Немного остыв, они снова любили друг друга, но беззвучно и нежно, – как бы в полкасания. Потом Майзель перевернулся на спину, и Елена вскарабкалась на него, обняла руками, прижалась сильным, тугим, как тетива, телом, щекоча ему шею мягкими, тонкими волосами. Он чувствовал ее теплую кожу, чувствовал, как плещется в нем маслянистой волной желание.
– Я тебе нравлюсь, похоже, – Елена приподняла голову, и он увидел совсем близко ее влажно сверкающие, пронзительно синие глаза. – Ну давай, попробуй сказать мне это. Ты ведь хочешь сказать мне это, Дракон?
– Да.
– Что «да»?!
– Ты очень красивая, щучка-колючка. Ты очень-очень красивая. Ты красивая, как ангел. У тебя восхитительное тело. Ты такая живая и теплая, что я не могу от тебя оторваться. Ты мой размер. Ты – мой размер везде, понимаешь, елочка-иголочка? Я обожаю твое тело, твои волосы. У тебя чудесные глаза, такого изумительного синего цвета, что я не могу дышать, когда смотрю в них. Я обожаю твой горячий рот, твои губы, твой язык. Твоя улыбка сводит меня с ума. Я люблю твой вкус и твой запах. В тебе так тесно и жарко, что я просто теряю голову. Нет ничего лучше на этом свете, чем заниматься с тобой любовью. Нет ничего важнее, чем заниматься с тобой любовью.

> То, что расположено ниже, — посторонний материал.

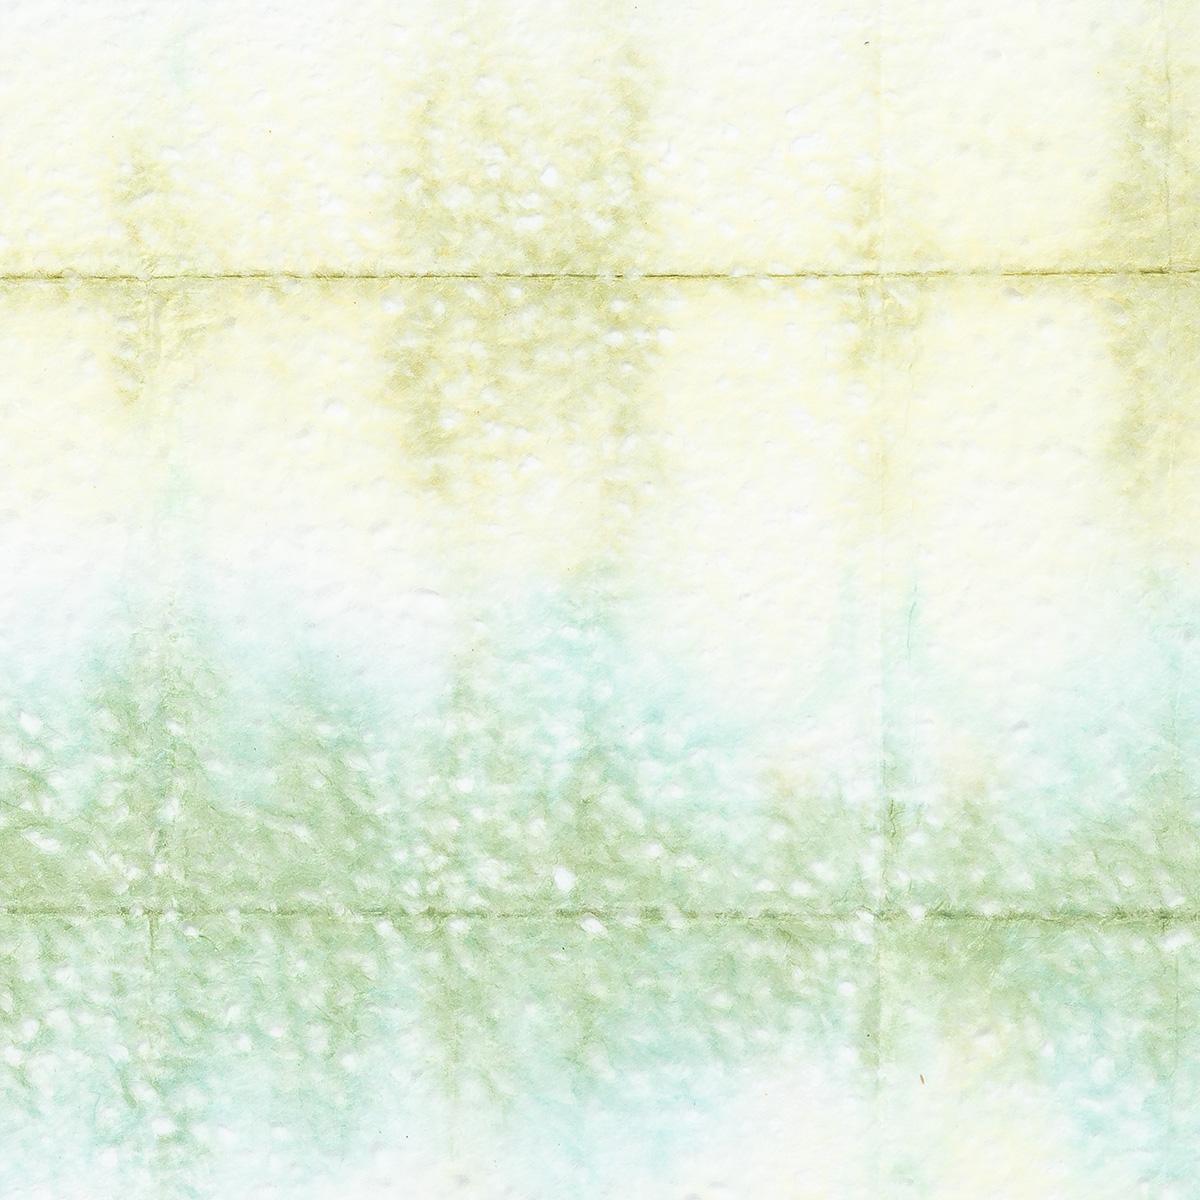 落水紙(春雨)板締め No.28

– Господи, кто бы мог подумать, что ты знаешь эти слова... Что ты можешь эти слова...
– Прости меня, Елена.
– Что?!
– Прости меня. Я не мог поступить иначе.
– Скажи еще, что ты больше не будешь.
– Я больше не смогу. Не плачь, Елена. Не плачь. А то Дракон умрет, обожженный твоими слезами. Я хочу тебя!

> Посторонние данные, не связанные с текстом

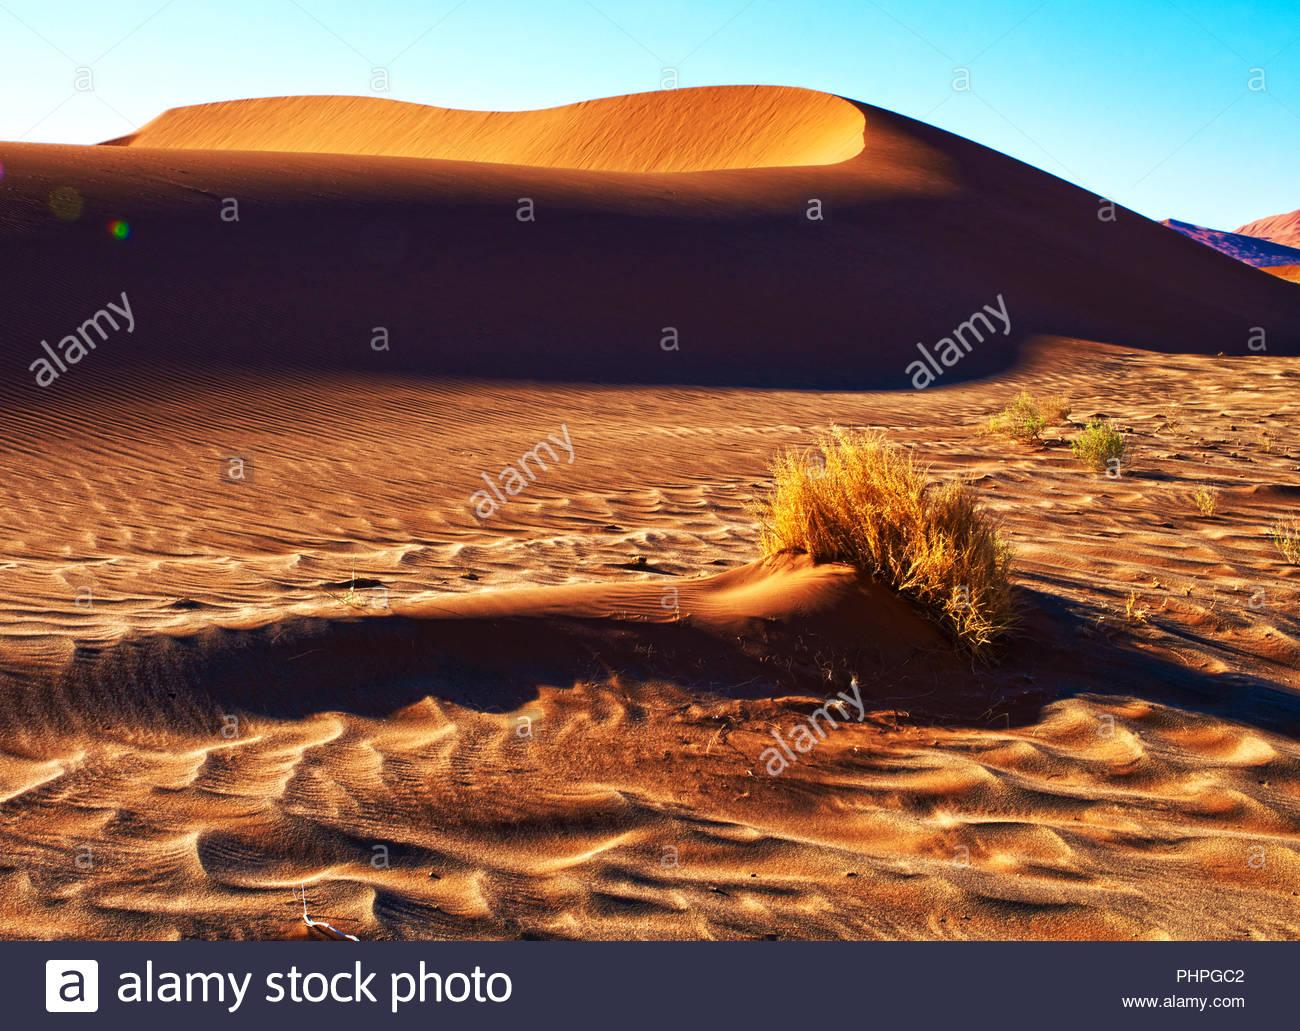 Desert landscape in Namibia - Stock Image

Он и в самом деле не мог остановиться, – такого с ним еще не бывало, пожалуй что, никогда. Он просто не помнил, чтобы женщина когда-нибудь вызывала в нем такой шквал эмоций. Даже в юности, когда чуть не каждая вторая юбка представляется верхом совершенства и воплощением идеала. И ему впервые за много лет стало по-настоящему тревожно. Да-да, подумал Майзель с неожиданной на себя злостью. Именно так все и должно было случиться. Именно так. А я-то, дурак, уже возомнил, что научился контролировать все и всех на свете. И себя в первую очередь. Я уже так себя убедил, что этого со мной никогда не случится. Выучил, как молитву, и сам в это поверил. И так гордился, что это все не про меня, что меня на это не купишь. Эй, Ты! Ты это специально так все устроил, да?! Вот так решил меня устряпать?! А мне плевать. Понял?! Мне нравится. И не просто нравится, а... Господи. Как же это?! Елена, небесноглазый мой ангел. Славянка с капелькой скандинавских и балтийских кровей. И крещеная по католическому обряду. Просто полный абзац по индивидуальному заказу. И что же мне теперь Ты прикажешь со всем этим делать, а?!